- Information supplied
○ ○ ○ ○ ○ ○ ○

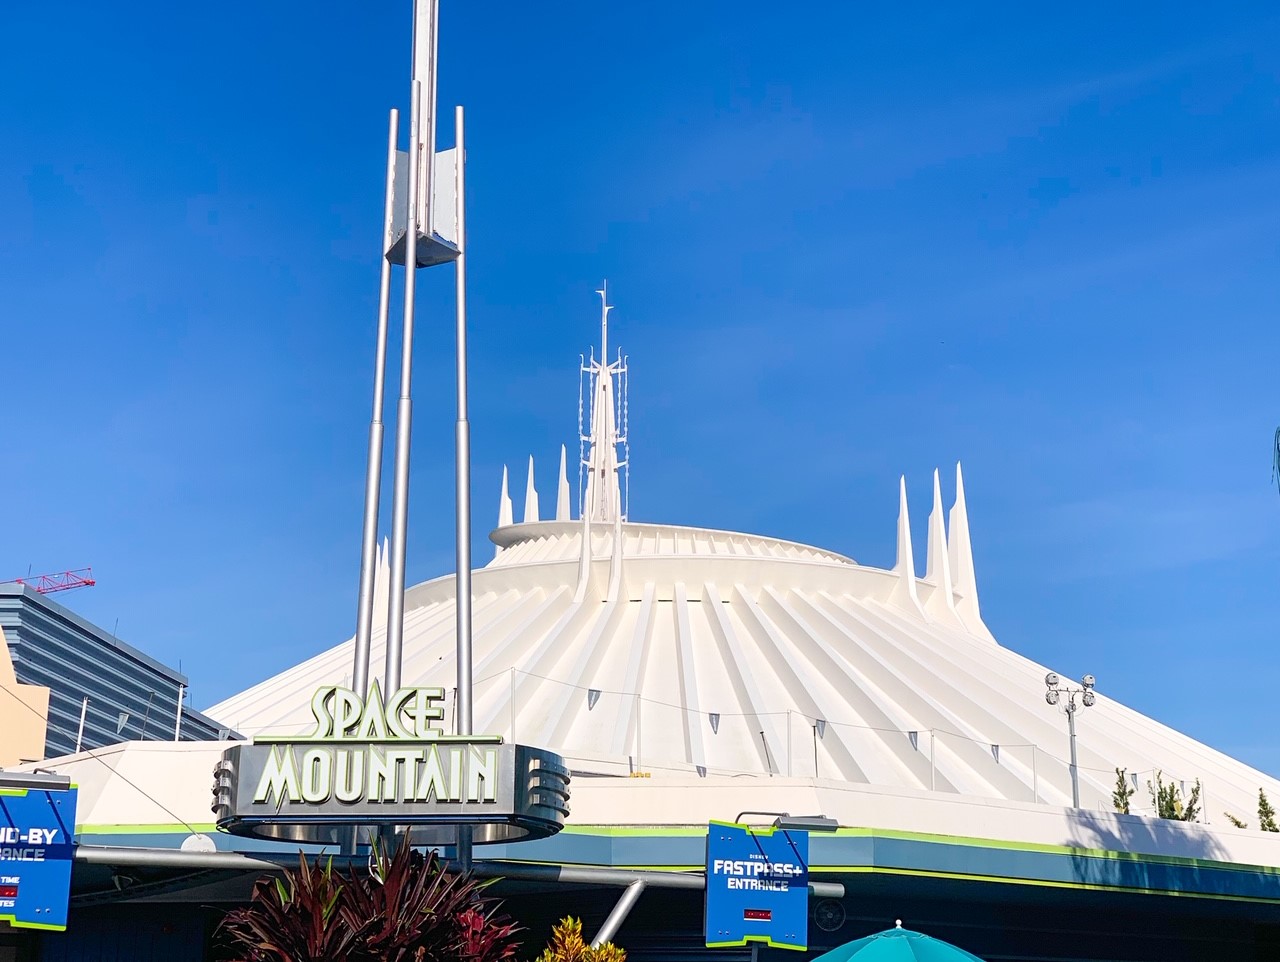 white futuristic building against blue sky with space mountain sign
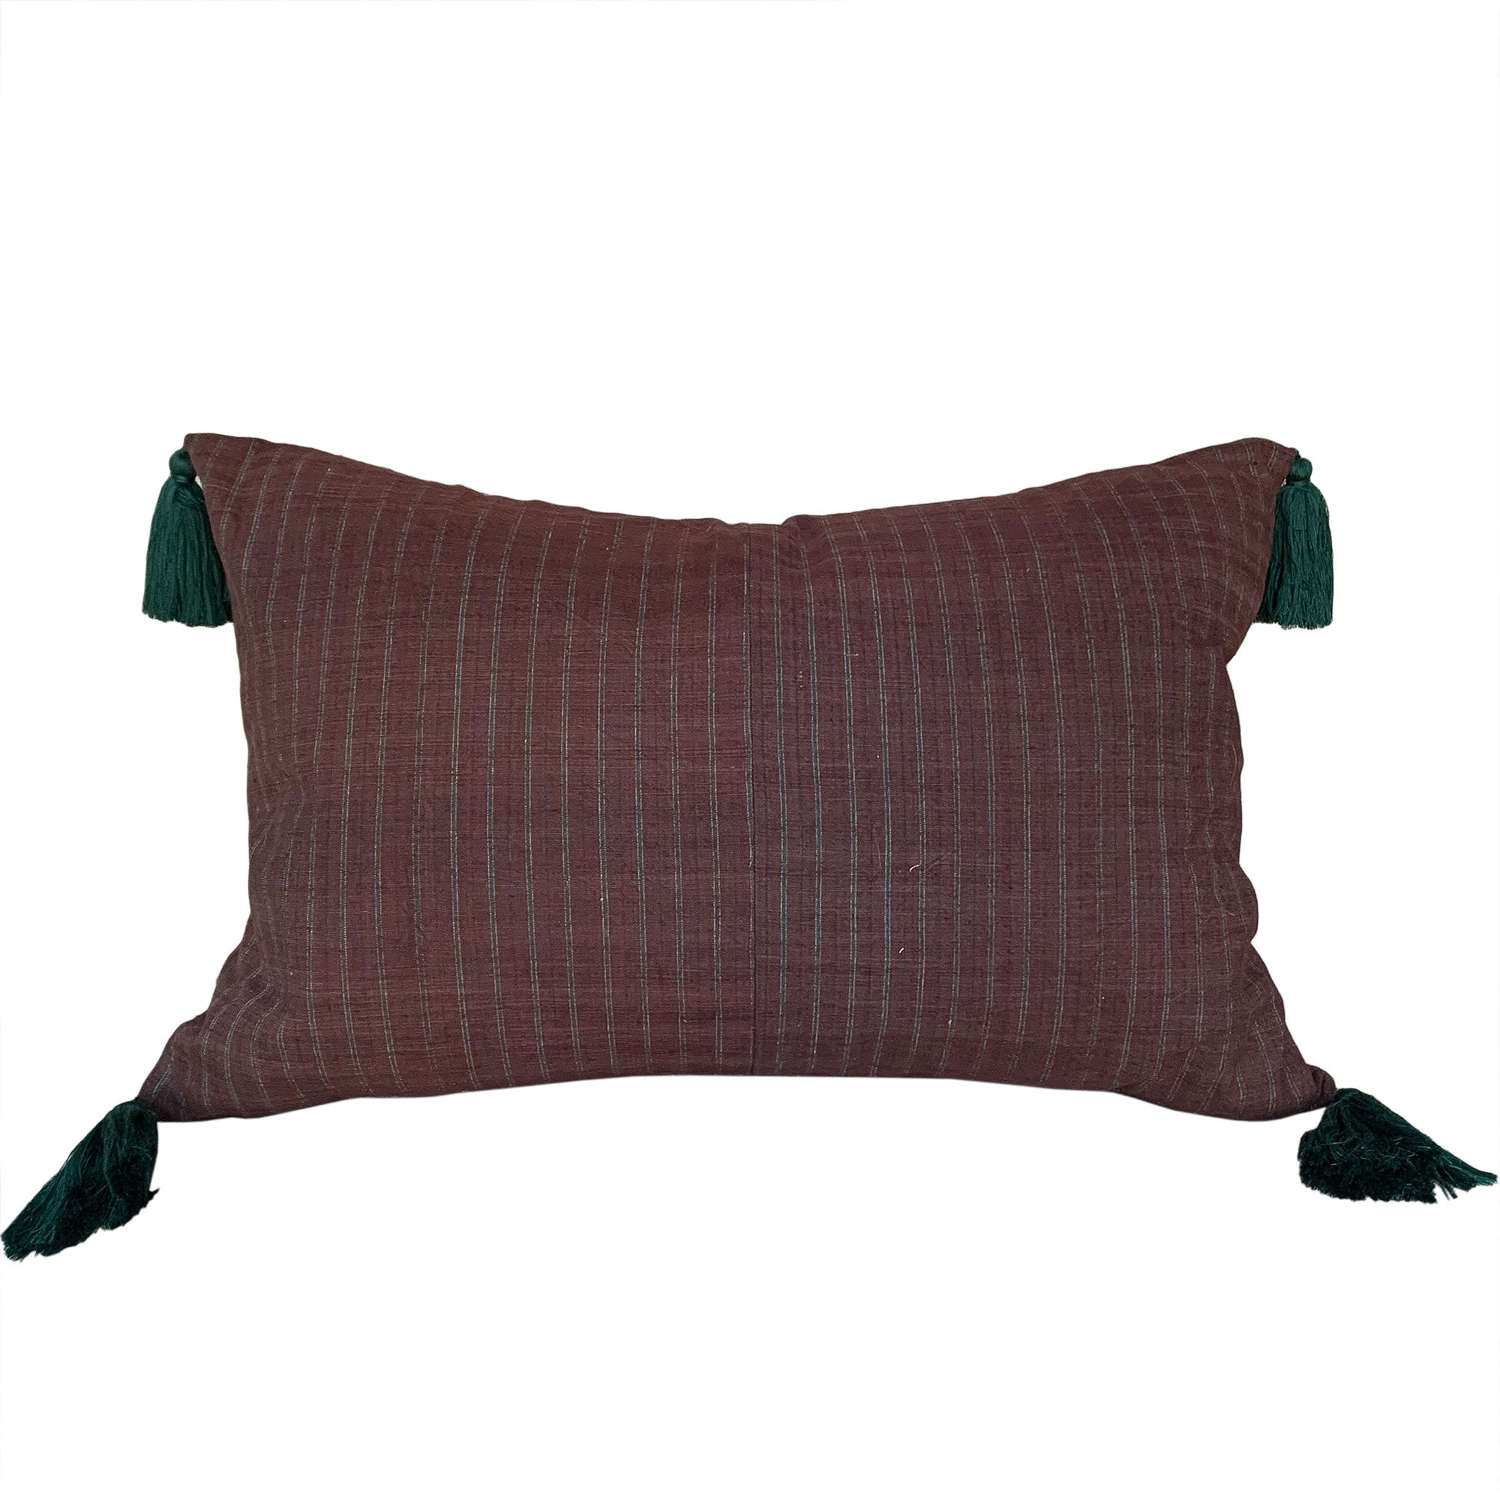 Songjiang Cushion, Brown With Green Tassels
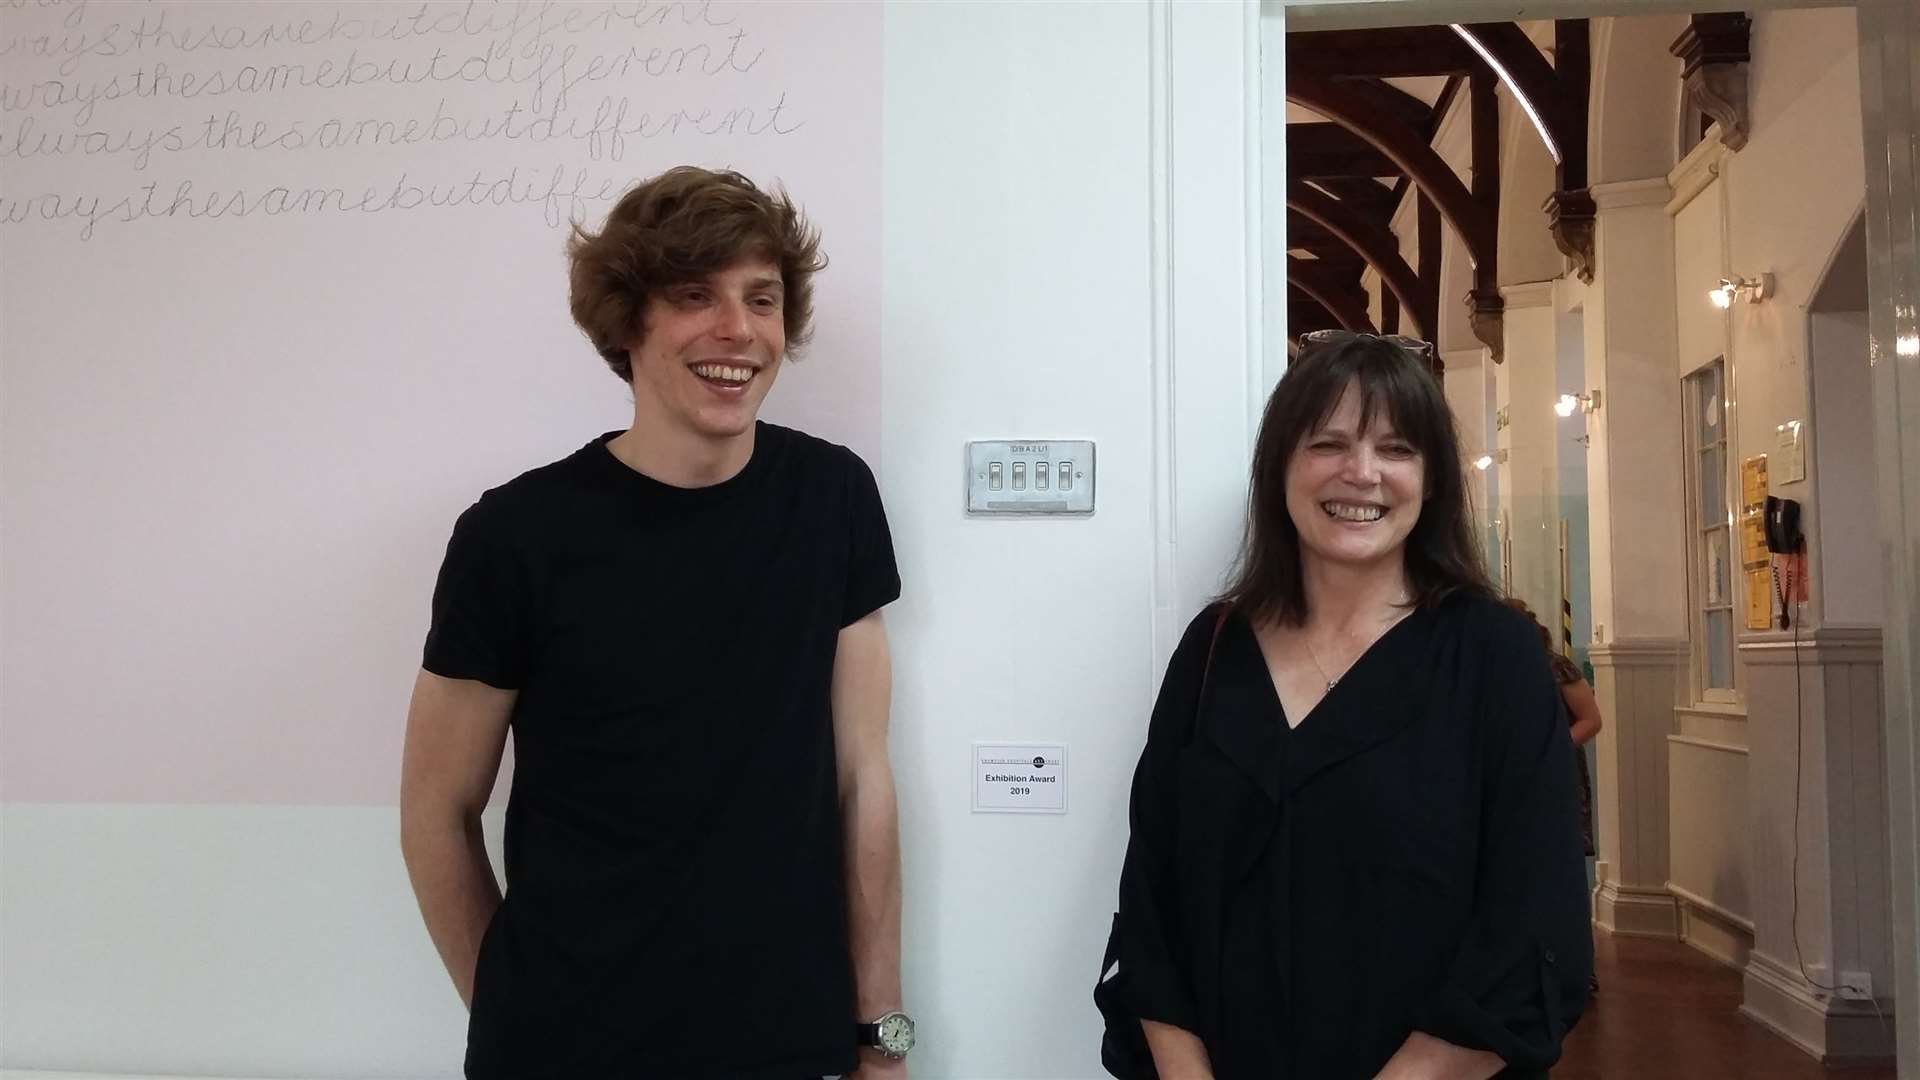 Kim and Sam Welch together at Kim's degree show, standing at her GHAT Exhibition Award.
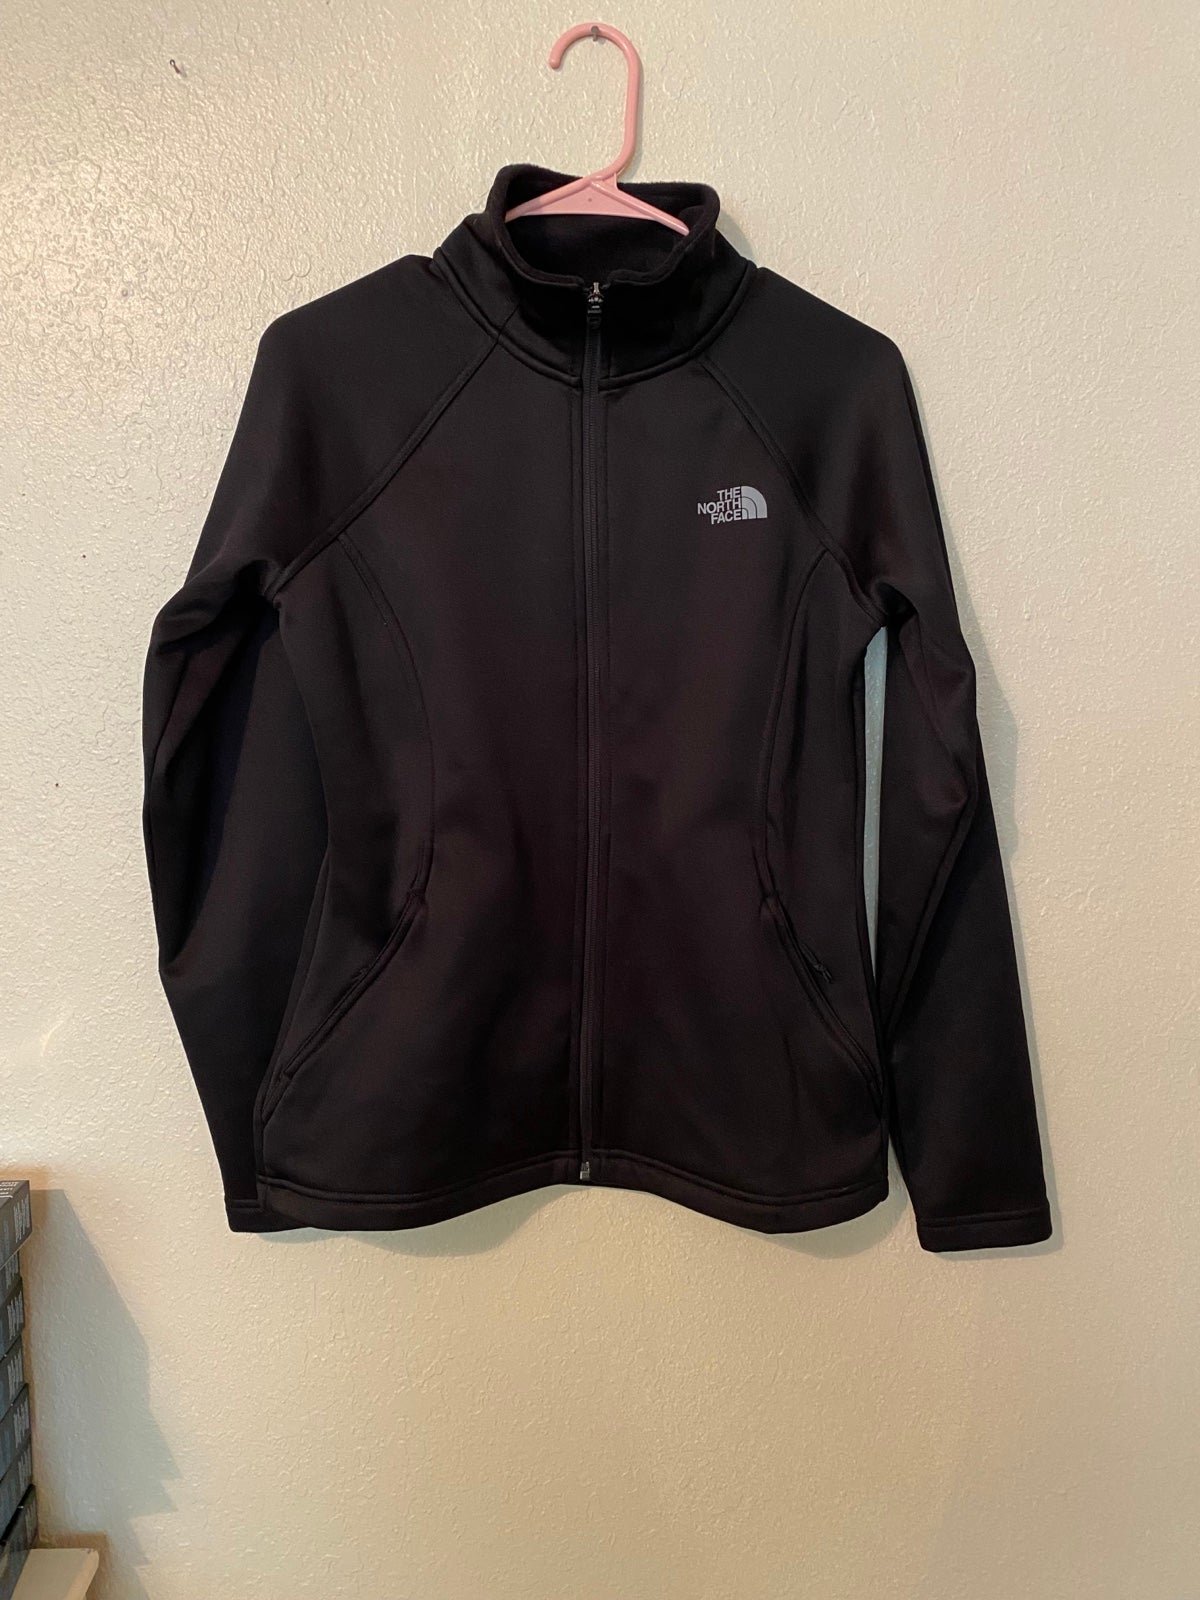 high discount The North Face Jacket full zip HbuDsuKIA well sale

○ ○ ○ ○ ○ ○ ○

- Aim of the task
With pictures omitted, restate exactly every line from the one containing "Kim and Sam" through the last line of the material, inclusive.

- Written response
 Kim and Sam Welch together at Kim's degree show, standing at her GHAT Exhibition Award.
 high discount The North Face Jacket full zip HbuDsuKIA well sale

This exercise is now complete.